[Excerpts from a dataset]
---
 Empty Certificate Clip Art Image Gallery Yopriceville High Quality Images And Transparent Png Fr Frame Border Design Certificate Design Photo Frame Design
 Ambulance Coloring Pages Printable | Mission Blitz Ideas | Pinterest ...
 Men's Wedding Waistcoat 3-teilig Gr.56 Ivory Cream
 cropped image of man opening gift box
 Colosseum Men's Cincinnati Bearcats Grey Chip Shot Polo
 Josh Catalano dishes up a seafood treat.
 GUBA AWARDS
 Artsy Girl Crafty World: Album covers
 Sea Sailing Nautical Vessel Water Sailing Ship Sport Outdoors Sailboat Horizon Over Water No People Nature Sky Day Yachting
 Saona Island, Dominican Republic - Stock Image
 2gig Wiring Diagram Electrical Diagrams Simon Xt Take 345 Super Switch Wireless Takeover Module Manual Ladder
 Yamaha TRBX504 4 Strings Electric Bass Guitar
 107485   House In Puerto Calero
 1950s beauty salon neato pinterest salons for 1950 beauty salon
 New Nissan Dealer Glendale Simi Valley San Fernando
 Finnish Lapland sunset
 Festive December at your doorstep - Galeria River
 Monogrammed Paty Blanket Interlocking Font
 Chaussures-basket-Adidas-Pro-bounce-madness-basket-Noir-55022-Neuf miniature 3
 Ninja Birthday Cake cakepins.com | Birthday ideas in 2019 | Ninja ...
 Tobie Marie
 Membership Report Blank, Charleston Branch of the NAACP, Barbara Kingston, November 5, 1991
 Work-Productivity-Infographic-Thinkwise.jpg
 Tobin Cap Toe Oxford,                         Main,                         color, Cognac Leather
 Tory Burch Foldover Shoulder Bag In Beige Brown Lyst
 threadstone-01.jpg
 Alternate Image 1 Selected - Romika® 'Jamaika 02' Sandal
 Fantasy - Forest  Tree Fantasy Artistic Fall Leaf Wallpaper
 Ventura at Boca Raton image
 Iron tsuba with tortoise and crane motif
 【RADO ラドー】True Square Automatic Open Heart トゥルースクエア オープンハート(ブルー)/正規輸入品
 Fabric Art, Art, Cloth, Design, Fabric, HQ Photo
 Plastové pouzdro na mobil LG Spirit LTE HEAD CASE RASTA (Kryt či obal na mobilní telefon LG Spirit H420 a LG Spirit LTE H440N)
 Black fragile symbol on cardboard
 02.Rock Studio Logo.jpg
---
#### TRY IT:
Output only the lines from the one holding "Fantasy - Forest" through the last line above, exactly as they appear.

#### RESULT FOR THIS TASK:
 Fantasy - Forest  Tree Fantasy Artistic Fall Leaf Wallpaper
 Ventura at Boca Raton image
 Iron tsuba with tortoise and crane motif
 【RADO ラドー】True Square Automatic Open Heart トゥルースクエア オープンハート(ブルー)/正規輸入品
 Fabric Art, Art, Cloth, Design, Fabric, HQ Photo
 Plastové pouzdro na mobil LG Spirit LTE HEAD CASE RASTA (Kryt či obal na mobilní telefon LG Spirit H420 a LG Spirit LTE H440N)
 Black fragile symbol on cardboard
 02.Rock Studio Logo.jpg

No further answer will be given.